Post Traumatic Stress Disorder or Injury (PTSD, PTSI)

Not every traumatized person gets full-blown PTSD, or experiences PTSD at all. PTSD is diagnosed only if the Acute Stress symptoms  last more than a month. In those who do have PTSD, symptoms usually begin within 3 months of the trauma, and the course of the illness varies. Some people recover within 6 months, others have symptoms that last much longer. In some cases, the condition may be chronic. Occasionally, the illness doesn't show up until years after the traumatic event.

I prefer to call it PTSI or Post Traumatic Stress Injury.  I believe that name is more true to what has really traspired.  Trauma is something that happens to a person when their, or somebody else's life and limb are percieved as being threatened or actually have been threatened.   It can also be passed down genetically as intergenerational and lateral trauma.  More on this in another section.

Specific Symptoms of PTSI

The person has been exposed to a traumatic event in which the person experienced, witnessed, or was confronted with an event or events that involved actual or threatened death or serious injury, or a threat to the physical integrity of self or others and the person's response involves intense fear, helplessness, or horror.

The traumatic event is persistently re-experienced in one (or more) of the following ways:

·  recurrent and intrusive distressing recollections of the event, including images, thoughts, or perceptions.

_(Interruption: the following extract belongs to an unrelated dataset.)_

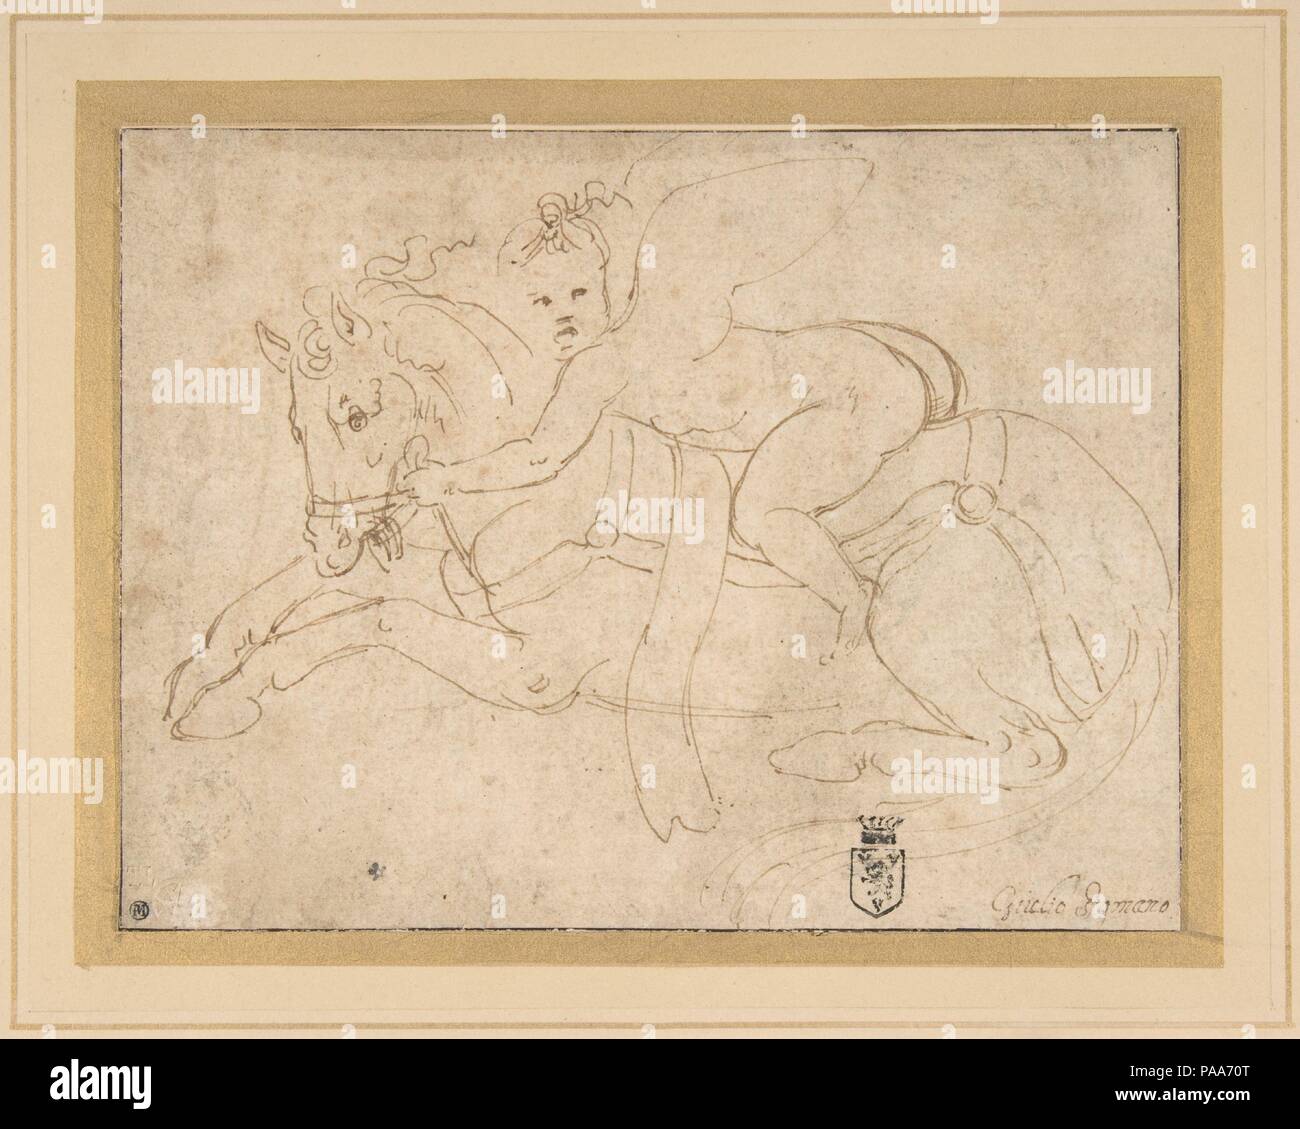 Winged Infant Riding a Crouching Horse. Artist: Giulio Romano (Italian, Rome 1499?-1546 Mantua). Dimensions: sheet: 4 13/16 x 6 3/8 in. (12.2 x 16.2 cm). Date: n.d.. Museum: Metropolitan Museum of Art, New York, USA. Stock Photo

·  recurrent distressing dreams of the event.

·  acting or feeling as if the traumatic event were recurring (includes a sense of reliving the experience, illusions, hallucinations, and dissociative flashback episodes, including those that occur on awakening or when intoxicated).

·  intense psychological distress at exposure to internal or external cues that symbolize or resemble an aspect of the traumatic event

·  physiological reactivity on exposure to internal or external cues that symbolize or resemble an aspect of the traumatic event

·  The individual also has persistent avoidance of stimuli associated with the trauma and numbing of general responsiveness (not present before the trauma), as indicated by three (or more) of the following:

·  efforts to avoid thoughts, feelings, or conversations associated with the trauma

·  efforts to avoid activities, places, or people that arouse recollections of the trauma

·  inability to recall an important aspect of the trauma

·  markedly diminished interest or participation in significant activities

·  feeling of detachment or estrangement from others

·  restricted range of affect (e.g., unable to have loving feelings)

·  sense of a foreshortened future (e.g., does not expect to have a career, marriage, children, or a normal life span)

·  Persistent symptoms of increased arousal (not present before the trauma), as indicated by two (or more) of the following:

·  difficulty falling or staying asleep

·  irritability or outbursts of anger

·  difficulty concentrating

·  hypervigilance

·  exaggerated startle response

The disturbance, which has lasted for at least a month, causes clinically significant distress or impairment in social, occupational, or other important areas of functioning.

 The focus of PTSI is a life-threatening event or events or threat to integrity. However, the symptoms of traumatic stress also arise from an accumulation of small incidents rather than one major incident. Examples include:

·  Repeated exposure to horrific scenes from combat, at accidents or fires, such as those endured by members of the military and emergency services (e.g. bodies mutilated in car crashes, or horribly burnt or disfigured by fire, or dismembered or disemboweled in plane disasters, etc)

·   Repeated involvement in dealing with serious crime, e.g. where violence has been used and especially where children are hurt

·   Breaking news of bereavement caused by accident or violence, especially if children are involved

·    Repeated violations such as in verbal abuse, physical abuse and sexual abuse, psychological abuse, stalking, bullying etc.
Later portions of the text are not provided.